---
title: "Define Longitudinal Endpoints in Clinical Trials"
output: rmarkdown::html_vignette
vignette: >
  %\VignetteIndexEntry{Define Longitudinal Endpoints in Clinical Trials}
  %\VignetteEngine{knitr::rmarkdown}
  %\VignetteEncoding{UTF-8}
---

```{r, include = FALSE}
knitr::opts_chunk$set(
  collapse = TRUE,
  cache = TRUE,
  cache.path = 'cache/defineLongitudinalEndpoints/',
  comment = '#>',
  dpi = 300,
  out.width = '100%'
)
```

```{r setup, message = FALSE, echo=FALSE}
library(dplyr)
library(TrialSimulator)
set.seed(12345)
```

The `TrialSimulator` package provides a flexible framework for defining endpoints in clinical trial simulations. Users can choose to generate endpoints using either built-in random number generators from standard probability distributions or custom user-defined functions. The ability to specify custom generators is particularly useful when simulating correlated endpoints, which often arise in longitudinal settings.

Longitudinal endpoints refer to outcomes measured repeatedly over time for the same subject, such as blood pressure, biomarker levels, or symptom severity scores.
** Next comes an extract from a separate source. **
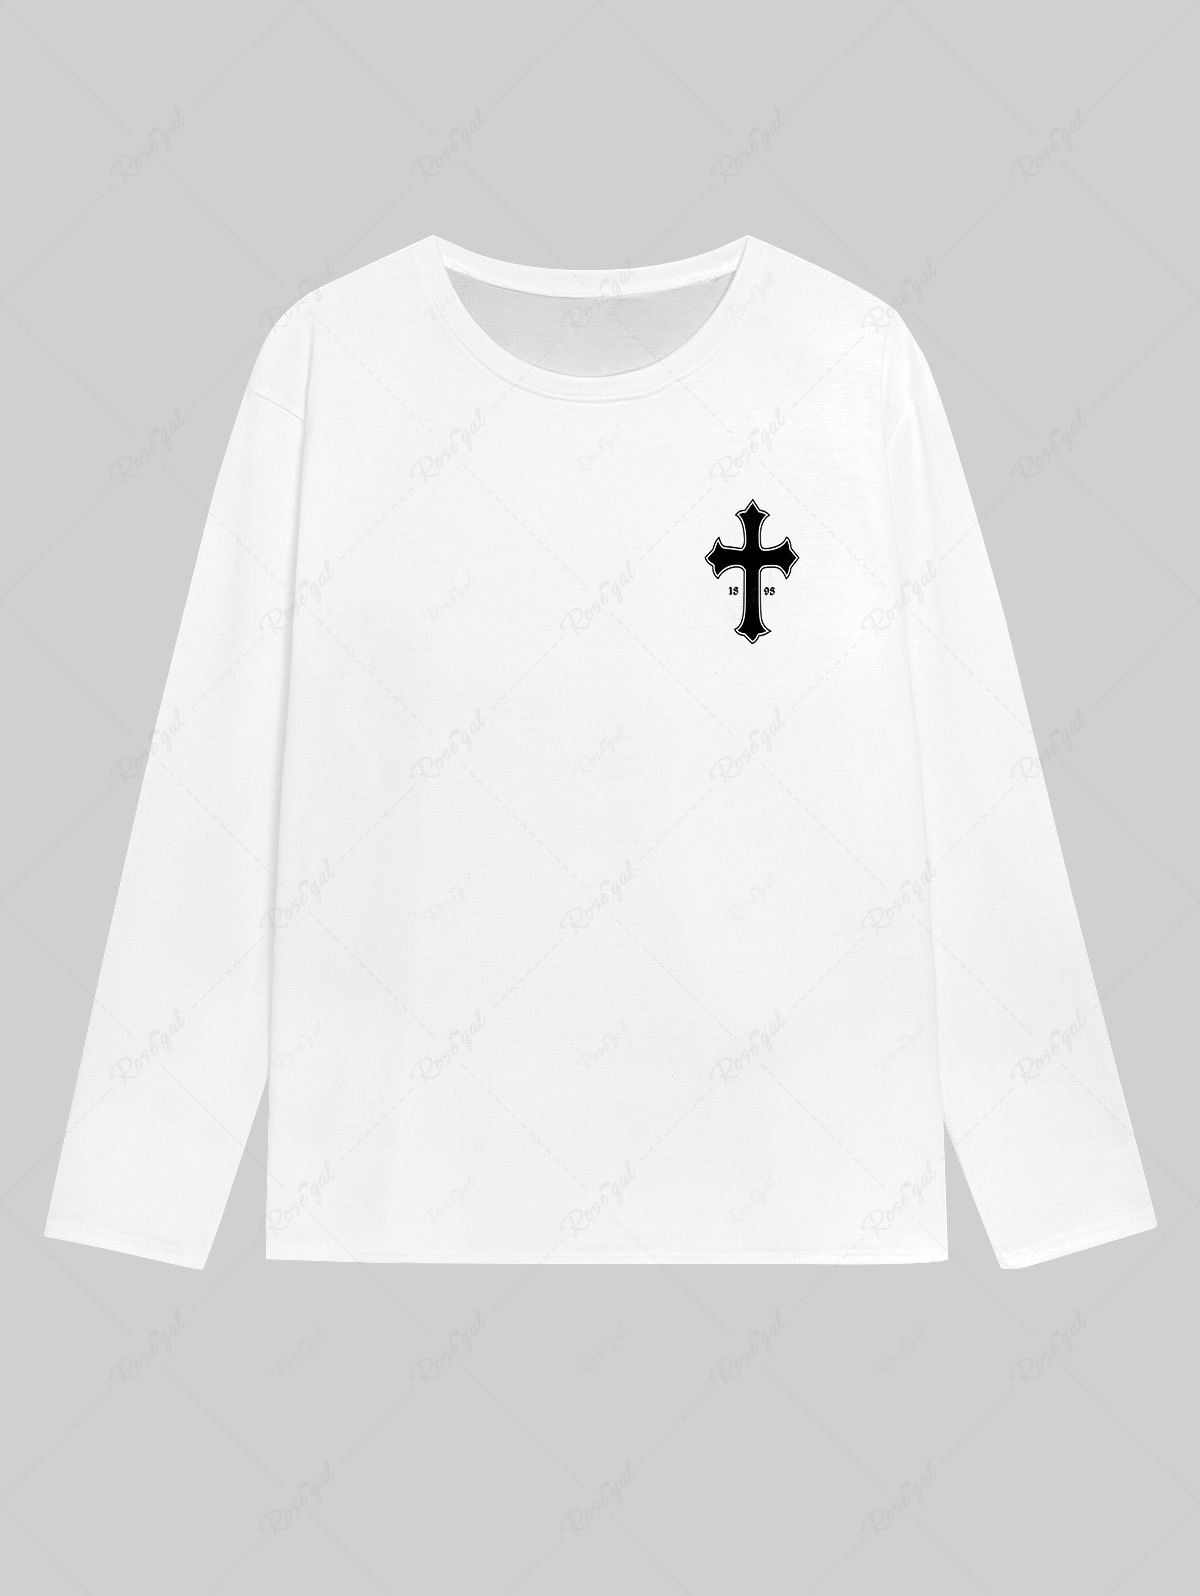 T-shirt Homme Gothique Imprimé Lettre et Croix Blanc S

These repeated measures typically exhibit within-subject correlation as well as correlation with baseline values. Accurately simulating such correlation structures is essential for realistic trial design and evaluation.

In this vignette, we demonstrate how to define longitudinal endpoints using the `endpoint()` function, focusing on its `generator` argument to specify the data-generating mechanism, and the `readout` argument to determine when each endpoint is observed.

## Example: Simulating Longitudinal Blood Pressure Endpoints

Suppose blood pressure is measured for each patient at baseline (week 0), and again at weeks 2 and 4 following randomization. We are interested in changes from baseline at weeks 2 and 4. A typical dataset at a milestone (e.g., after enrollment or follow-up) that can be accessed by calling `trial$get_locked_data(milestone_name)` may resemble the following:

```{r adfa, echo = FALSE}
locked_data_ <- data.frame(
  baseline = runif(6, 130, 150), 
  bp2 <- runif(6, 110, 140), 
  bp4 <- runif(6, 105, 130)
) %>% 
  mutate(
    bp_cfb2 = bp2 - baseline, 
    bp_cfb4 = bp4 - baseline
  ) %>% 
  select(baseline, bp_cfb2, bp_cfb4) %>% 
  tibble()
```

```{r dalfjal, echo = FALSE}
locked_data_
```

In this example, the variables `baseline`, `bp_cfb2`, and `bp_cfb4` are observed at weeks 0, 2, and 4, respectively. Therefore, we will define `readout = c(baseline = 0, bp_cfb2 = 2, bp_cfb4 = 4)` in the endpoint definition.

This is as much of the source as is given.